The other is the dismal condition of the truck steadily being destroyed by an even more dismal condition of the roads it is going on.  Rural Africa is where secondhand manufactured products come to die, whether it be clothing or vehicles.  Trucks beyond their usual "expiration dates," the author experienced first-hand, tend to go through a minor breakdown every couple of hours on the road, and a major breakdown that require a new (i.e. newer secondhand) part every few days.  With repairs lasting anywhere from a couple of hours to a couple of days, it is no wonder goods cannot arrive on time and cost of maintenance skyrockets.

And do note that those spare parts are not widely available.  When the truck broken down in the middle of nowhere, the spare part needed to get it running was only available at the district capital, some two hours away.  By the time that a taxi can be called to the middle of nowhere to pick up the truck personnel and the round-trip journey to the parts shop is made, the day is pretty much over.  The pitch dark rural middle-of-nowhere is not the ideal condition for repairing the truck or for staying overnight, so everyone except the truck driver and a couple of people to keep guard must be evacuated.

Yet, transporting people along those pitch dark rural roads is, in retrospect, even less ideal.  Motorcycle taxi drives, for some reason, tend to ride just as fast at night as during the day, despite the fact that visibility even with full headlight is no more than a few meters ahead on the twisty roads.  Many tires are punctured on the barely visible rocks jutting out of the uneven dirt roads.  And yes, motorcycles lose control on these roads, sending staff flying off of them at high speeds and crushing to the ground with broken bones.  Unfortunately, it has happened to many people, including program staff.

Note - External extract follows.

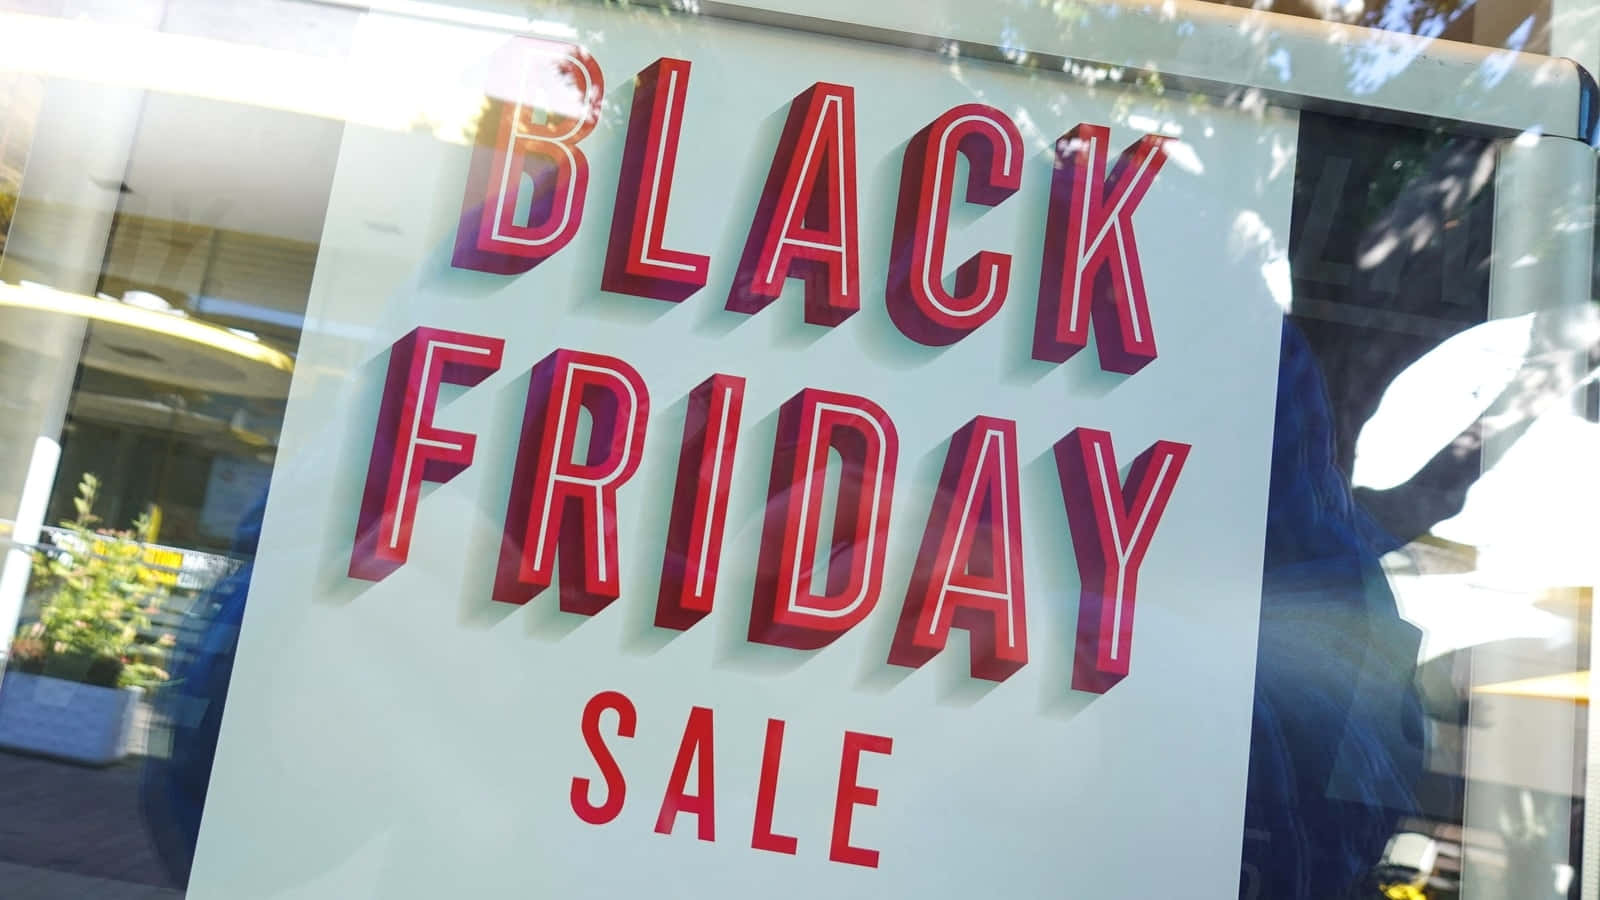 Black Friday Sale Sign In A Store Window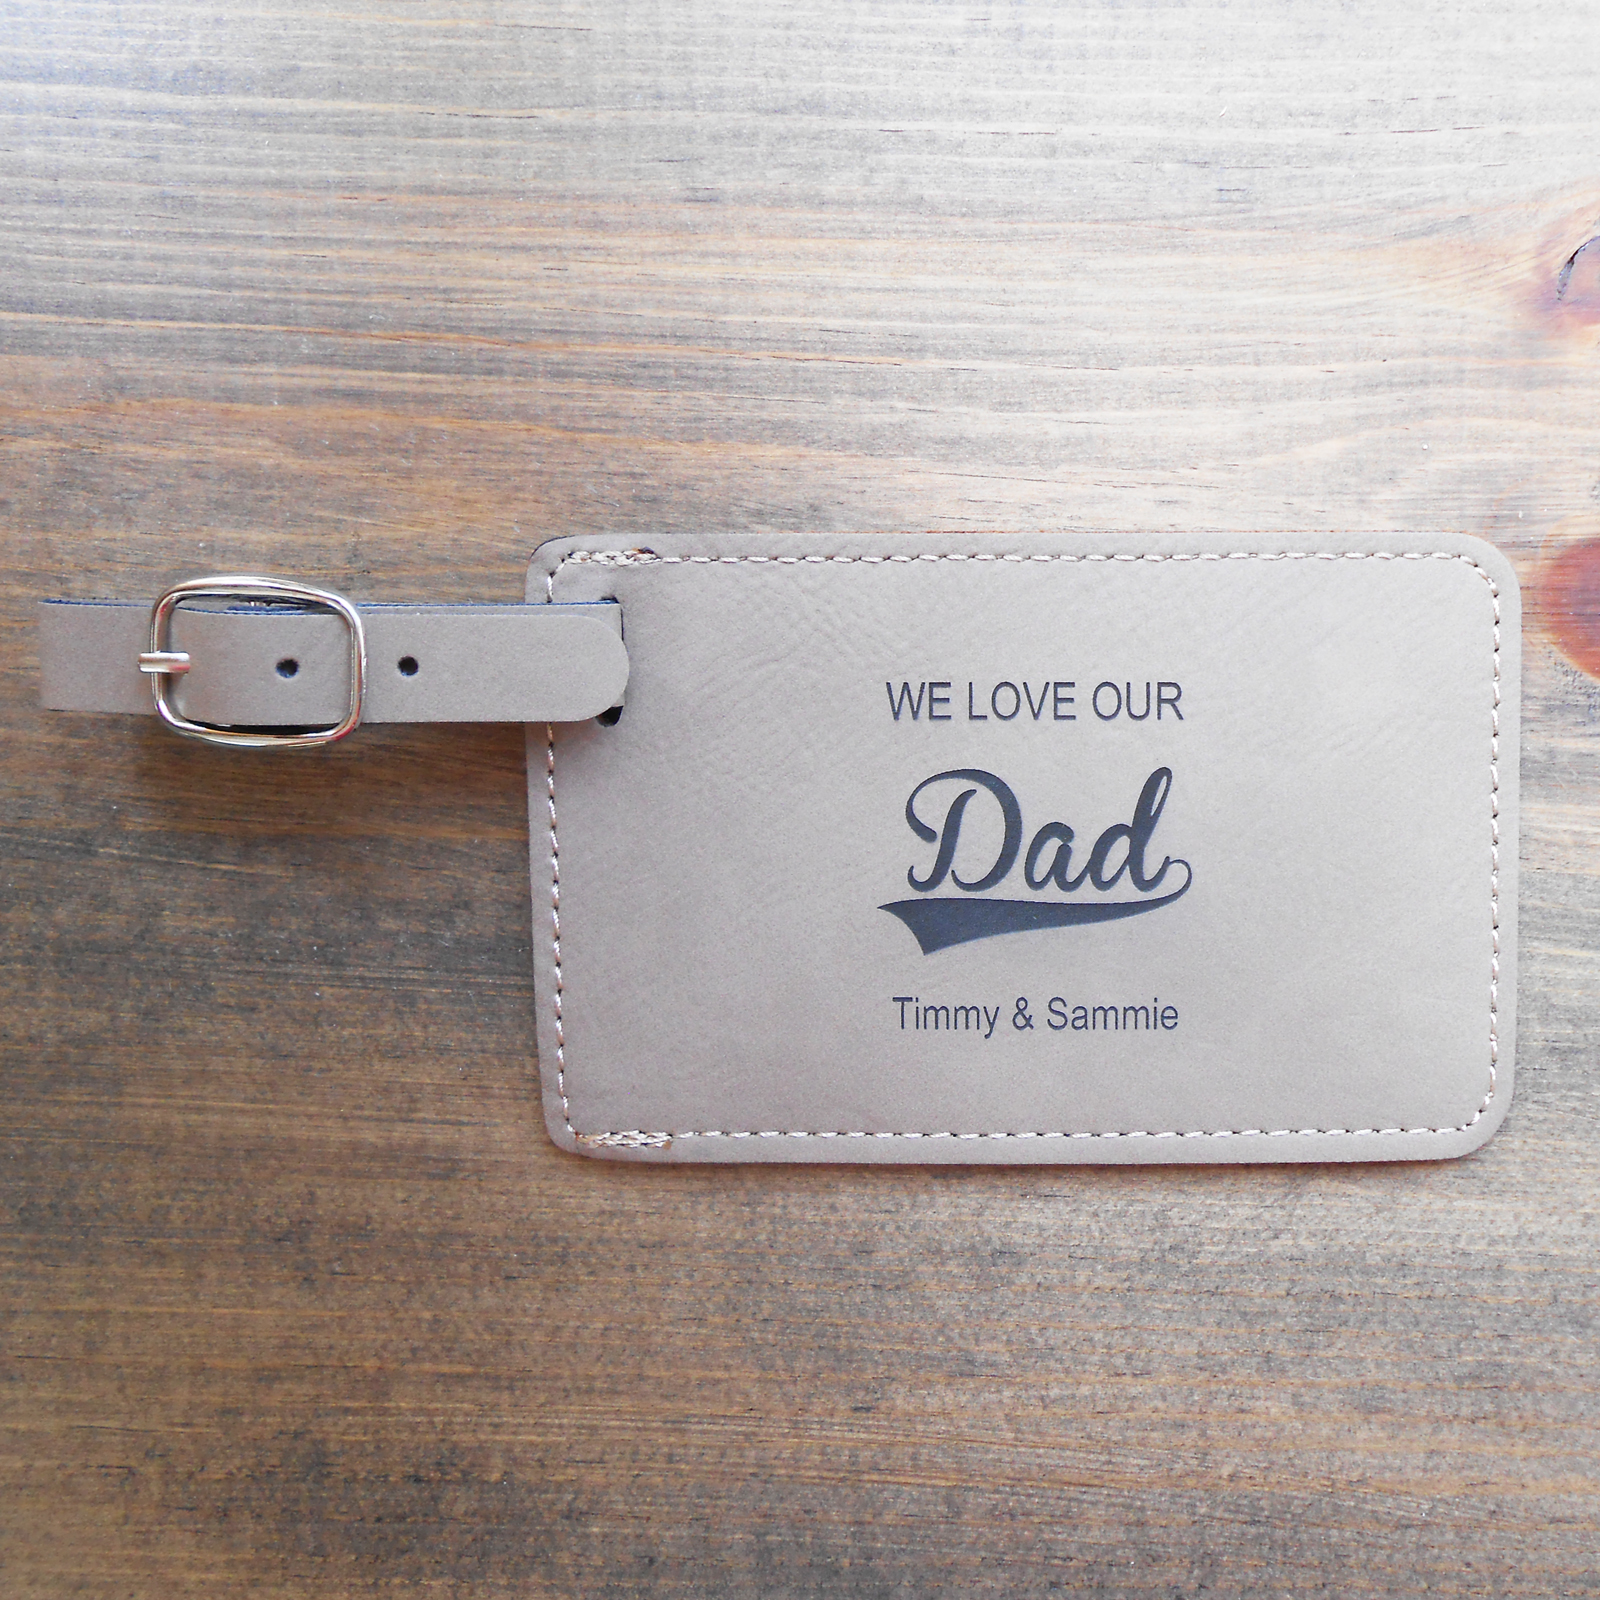 Personalized Father's Day gifts he'll love - Reviewed

It is perhaps wise that not many people want to make the trip at night then.  The police help them come to this conclusion.  Motorcycle taxis operating after dark are confiscated when caught by police, with the riders losing their licenses.  But what choice is there?  Car taxis (or just cars in general) are nowhere to be found for dozens of miles in any direction, and staying in the middle of nowhere overnight is simply not an option when no such preparations were made.  On a road that is littered with broken-down trucks (the author's last count was four in a 30-minute stretch), many risk their lives transporting themselves out.

It is one of those moments that makes one appreciate the need for infrastructural development.  Smooth paved road with street-lighting would prevent those truck breakdowns and motorcycle accidents.  More clear signs on speed limits and police presence would prevent arbitrary police harassments on trumped-up charges of speeding.  But instead, even when the most accessible villages are chosen as operation sites, the overwhelming and unimproving government neglect is painfully visible in plain sight.  For the foreseeable future, one has no choice but to brave strong night winds and fears of crushes to keeping moving in darkness.